İsrail’in bölgede yaptıklarının uluslararası hukukta “devlet terörizmi” olarak nitelendirilebileceğini vurgulayan Özarslan, “Devlet terörizmi dediğimiz kavram bir devletin gerek vatandaşlarına yönelik, gerekse vatandaşı olmamakla birlikte etkin denetimi, kontrolü altındaki bölgelerde yaşayan kişilere karşı sistematik yıldırma, baskı, tutuklama, öldürme ve benzeri pek çok insan hakları ve insancıl hukuk kurallarının ihlaline yönelik uygulamalarıdır. İsrail devleti bunu başta Gazze ve Batı Şeria olmak üzere pek çok yerde uygulamıştır. Bugün de yaptığı bu uygulamalar tam da ‘devlet terörizmi’ kapsamına girmektedir.” değerlendirmesinde bulundu.

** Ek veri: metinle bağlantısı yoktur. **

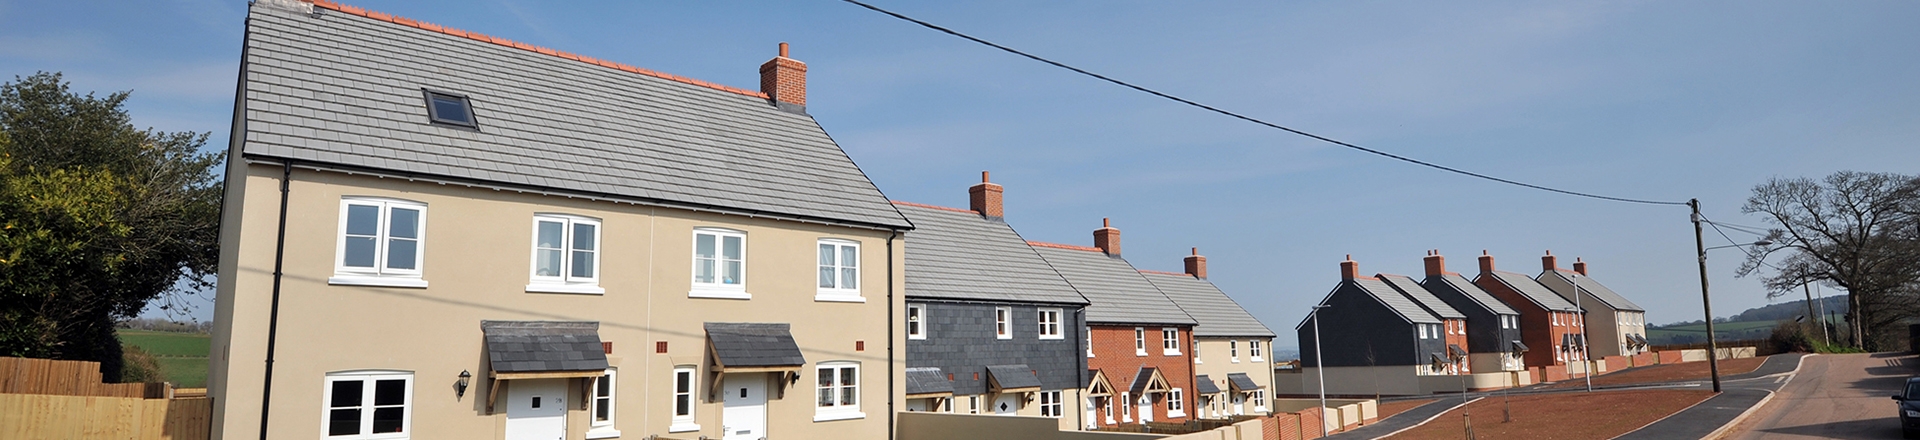 Homes in Bradninch Exeter

“Bütün uluslararası insan hakları belgelerine aykırı”
Özarslan, İsrail’in yaptıklarının uluslararası hukuktaki temel bütün insan hakları belgelerine aykırı olduğuna dikkati çekerek sözlerini şöyle sürdürdü:
“İnsan Hakları Evrensel Beyannamesi’nden başlayarak bundan sonraki bağlayıcı birçok hukuk metni ihlal edilmektedir. Ne yapılabilir noktasında, uluslararası hukukta iç hukuktan farklı olarak zorunlu yargı sistemi yoktur. Tarafların yargı yetkisini kabul ettiği mahkemeler ve hakem heyetleri devreye girebilir. İsrail’in Soykırım Suçunun Önlenmesi ve Cezalandırılması Sözleşmesi’ne taraf olduğunu biliyoruz. Bu sözleşmeye göre devletler sorumlu tutulabilirler. Devletler aleyhine Uluslararası Adalet Divanına başvuru yapılabilir. Sözleşmeye dahil olan herhangi bir devlet soykırımla ilgili başvurabilir.”

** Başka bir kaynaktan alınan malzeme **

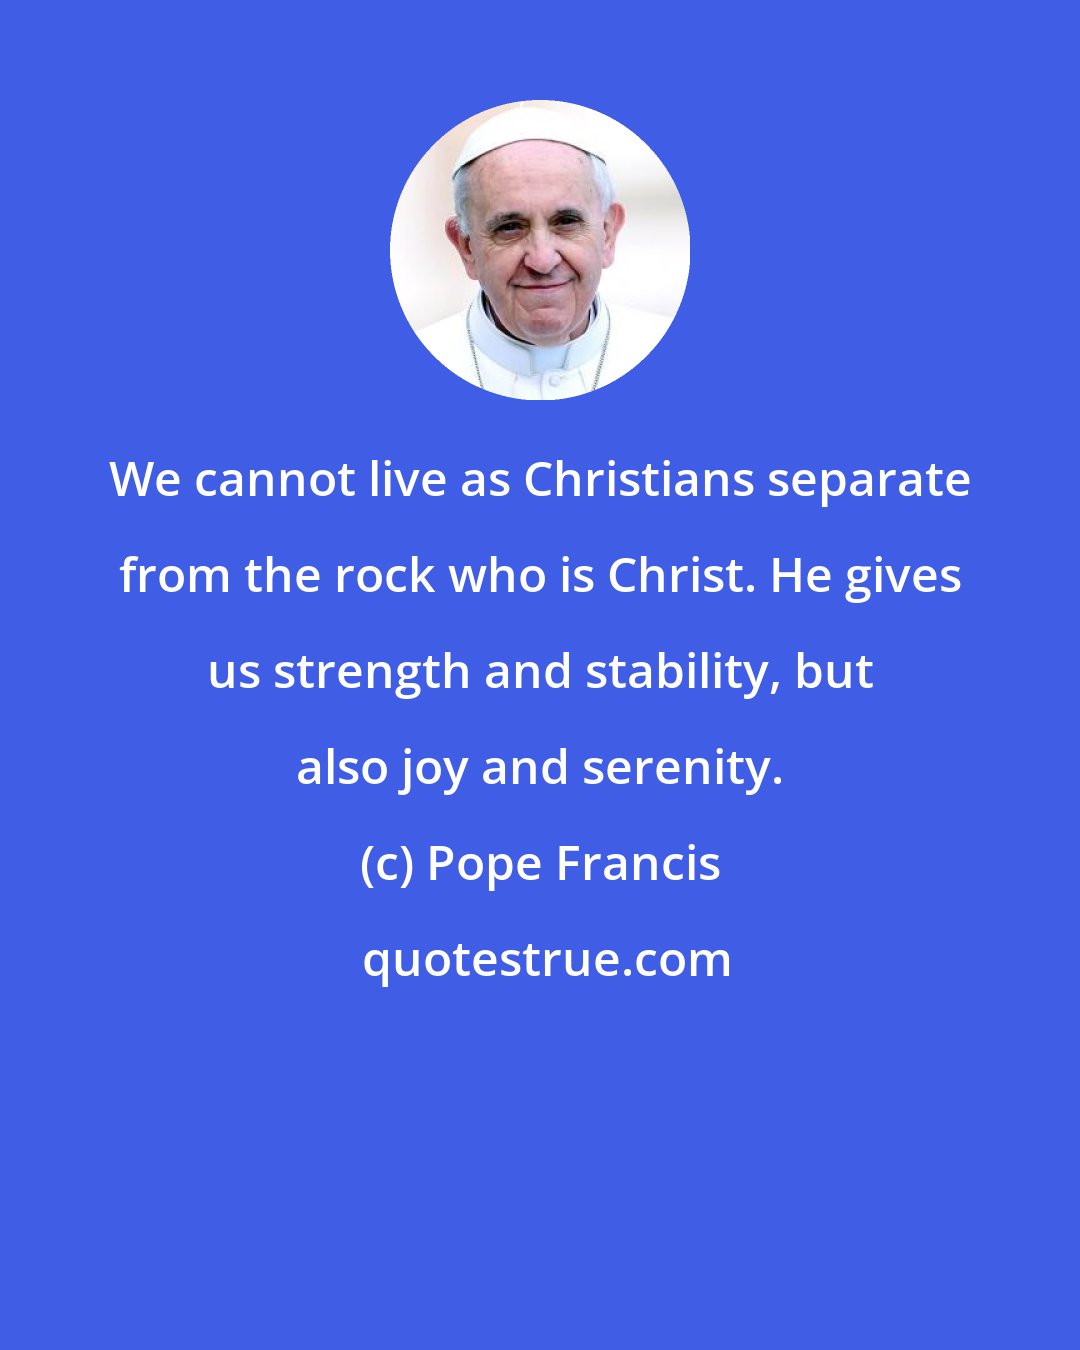 Pope Francis: We cannot live as Christians separate from the rock who is Christ. He gives us strength and stability, but also joy and serenity.

İsrail’in devlet politikasındaki eylemlerinin pek çoğunu silahlı olarak ordu ve kolluk güçleri aracılığıyla gerçekleştirdiğini ifade eden Özarslan, “Bu durumda gerek 1949 tarihli Cenevre Sözleşmeleri, gerek bu sözleşmelere ek 1977 tarihli iki protokolü kapsamında baktığımızda ‘insancıl hukuk kurulları’ veya ‘silahlı çatışma hukuku kuralları’ açısından baktığımızda pek çok ihlal söz konusudur.” diye konuştu.
UCM’ye başvuru yapılabilir
İsrail’in Uluslararası Ceza Mahkemesine (UCM) de taraf olduğunu vurgulayan Özarslan, şu değerlendirmeyi yaptı:
“Roma Statüsü olarak bilinen bu sözleşmeye İsrail imza atmıştır, henüz onaylamış değildir ama devletlerin onaylamadıkları ancak imza attıkları sözleşmelere ahde vefa yükümlülüğü çerçevesinde uyma yükümlülüğü söz konusudur. UCM’ye, bu eylemleri gerçekleştiren kişiler ve kişilere emri veren resmi görevliler aleyhine başvuru söz konusu olabilir. UCM’de devletler değil de gerçek kişiler yargılanabilmektedir.”
UCM’ye Filistin’in 2015’ten bu yana her ay düzenli başvurduğunu anımsatan Özarslan, “UCM savcılığı nezdinde de açılan birtakım soruşturmalar var. Bunların süratle davaya dönüşmesi önemlidir. Bunu Filistin’in tek başına yapamayacağı ortadadır. Bu noktada da İslam İşbirliği Teşkilatı (İİT) bizim aklımıza geliyor. Ama İİT da bu süreçte de daha önceki süreçte de bu sınavı yeterince verememiştir. Bu noktada yine Türkiye’nin ön alması daha doğru olacaktır.” şeklinde konuştu.
İsrail’in Filistin’e yönelik saldırılarına karşı, Türkiye’nin BM’de attığı adımların akamete uğratıldığını kaydeden Özarslan, “Şimdi aynı şeyin olması muhtemeldir ama girişimde bulunmak gerekir. Bu girişim yeterli olmazsa Genel Kurulda karar çıkartmak bakımından Türkiye etkin bir rol oynayabilir. Ve Türkiye bu rolüyle aslında gerek İslam aleminin gerekse de yeterince etkin olmayan İİT’nın itibarını da kurtarmaktadır.” ifadelerini kullandı.